- [WORK ORDER] Return all the entries below exactly, except for the images they hold.

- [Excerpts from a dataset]
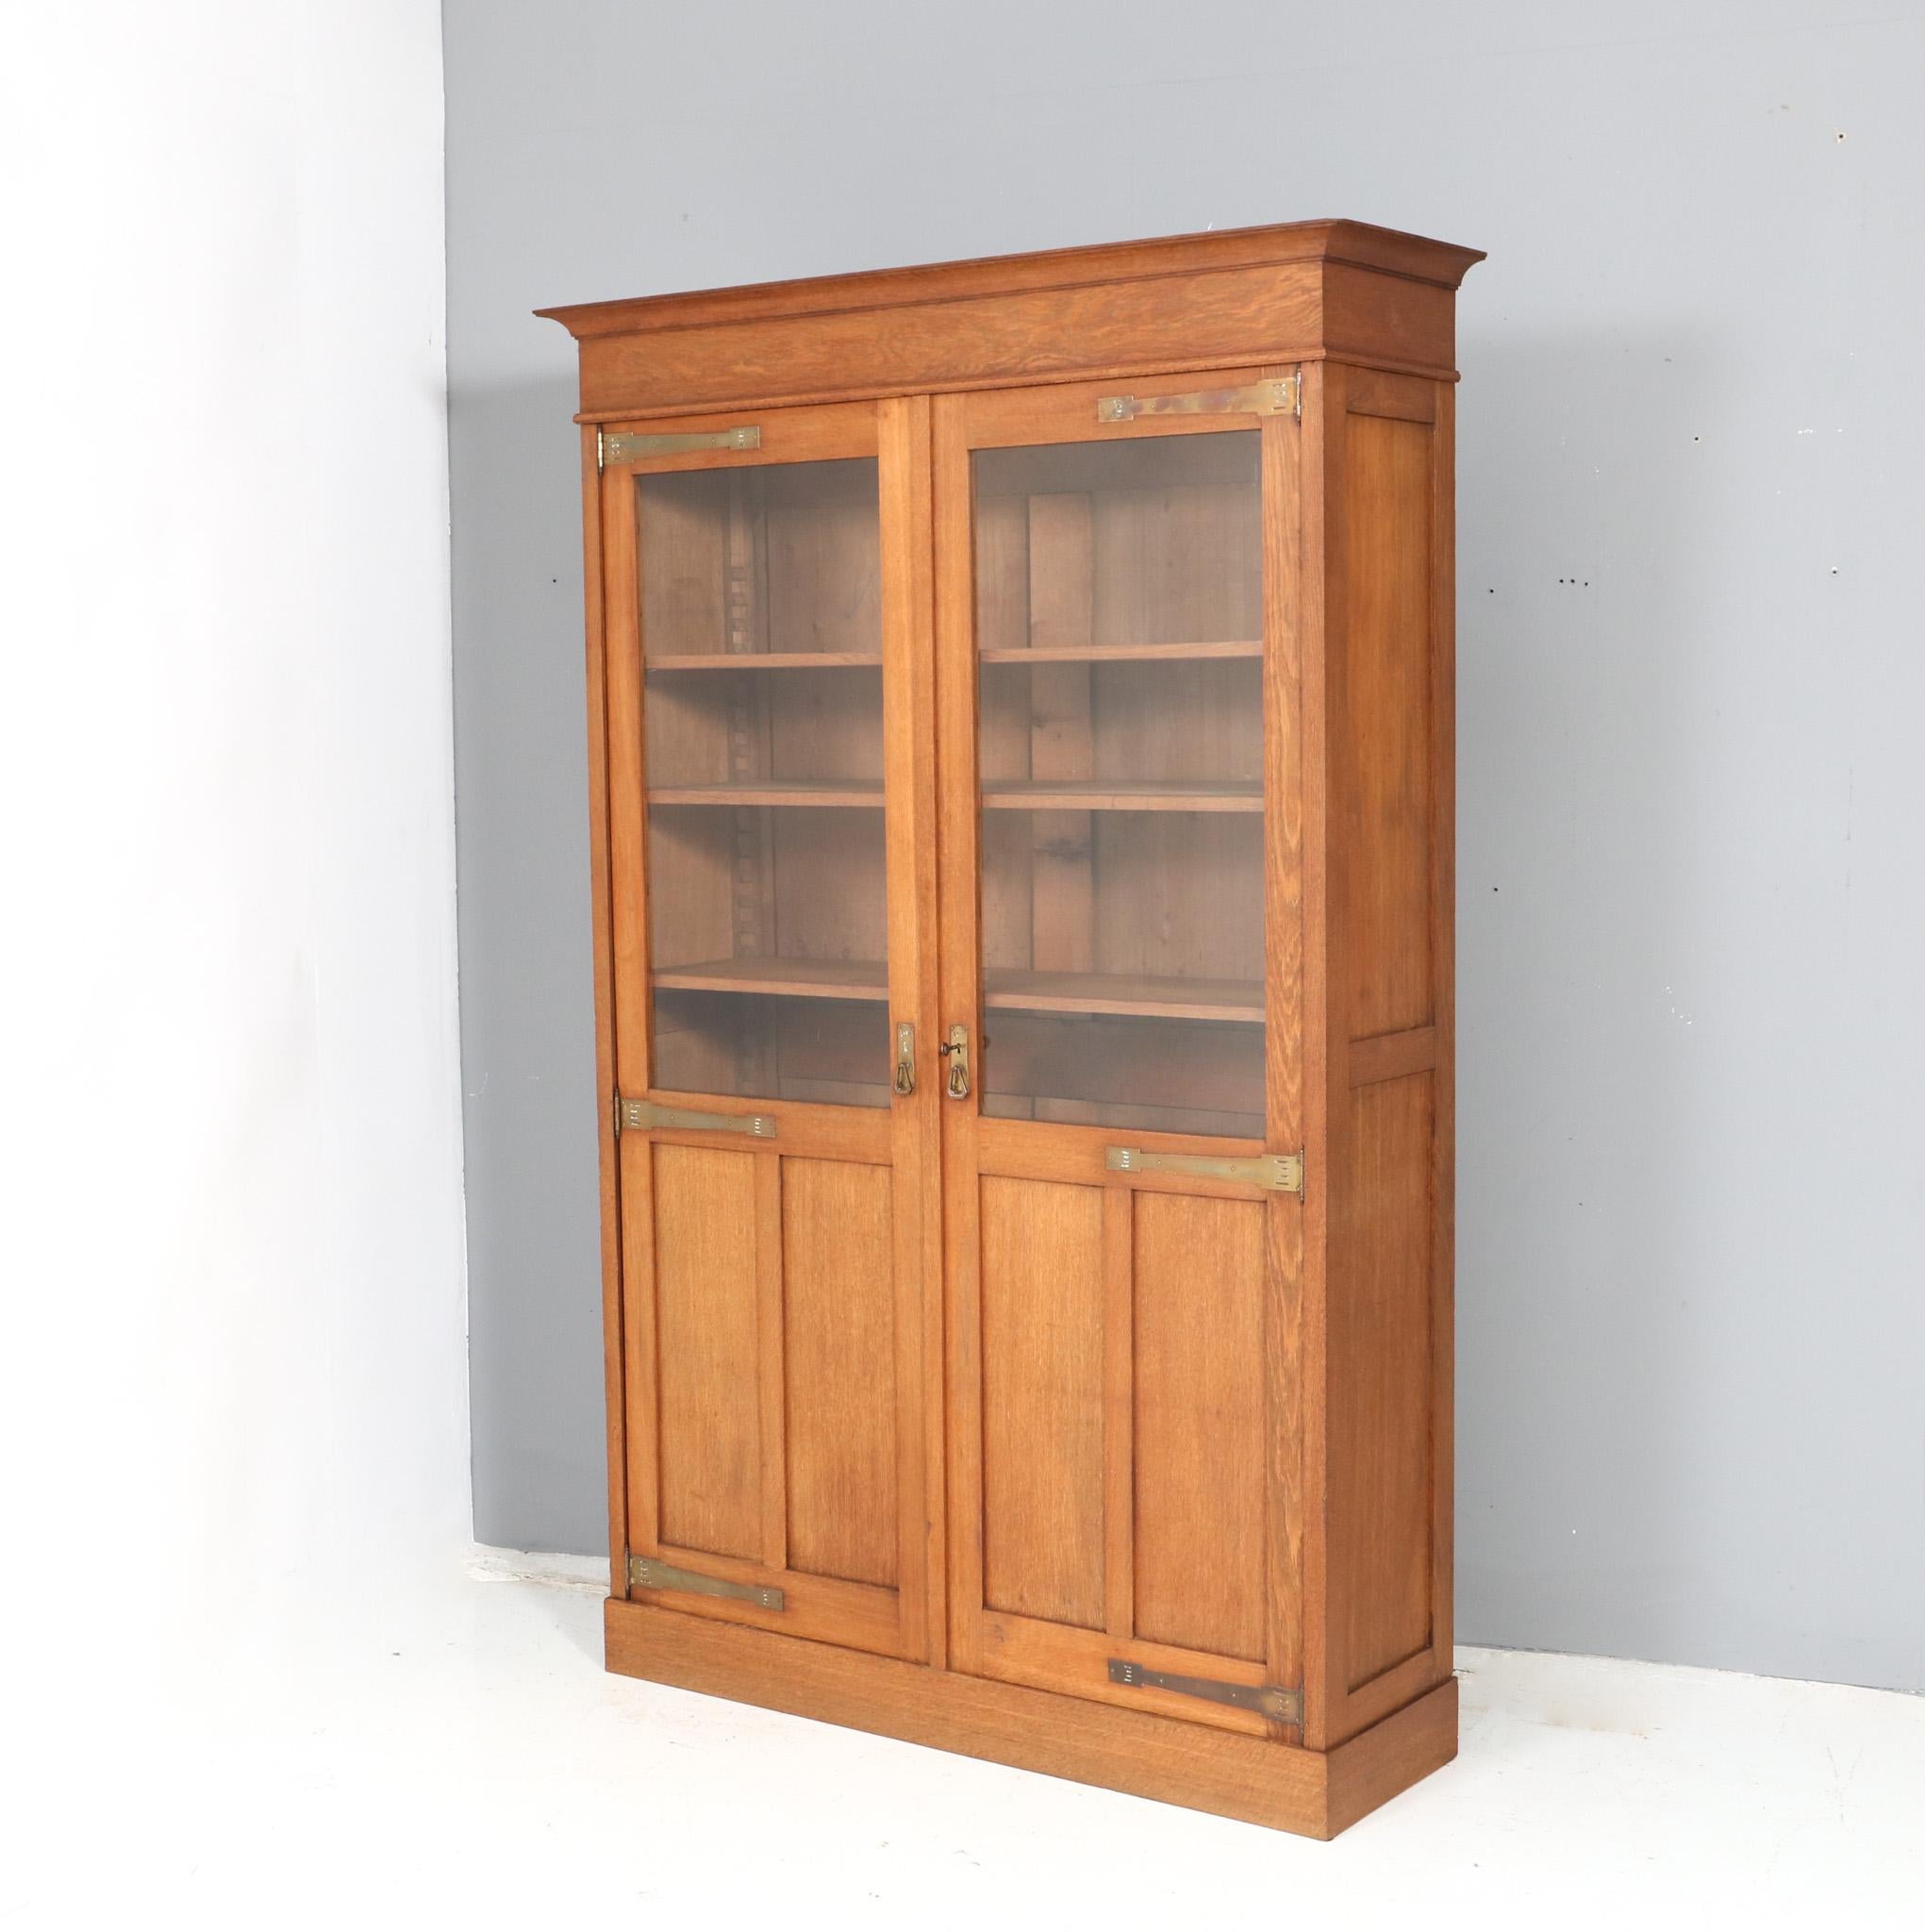 Magnificent and rare Arts & Crafts Art Nouveau bookcase.
Striking Dutch design from the 1900s.
Solid oak base with original patinated brass handles and hinges.
Six original wooden shelves, adjustable in height.
This wonderful Arts & Crafts Art

- [SOLUTION]
 Magnificent and rare Arts & Crafts Art Nouveau bookcase.
Striking Dutch design from the 1900s.
Solid oak base with original patinated brass handles and hinges.
Six original wooden shelves, adjustable in height.
This wonderful Arts & Crafts Art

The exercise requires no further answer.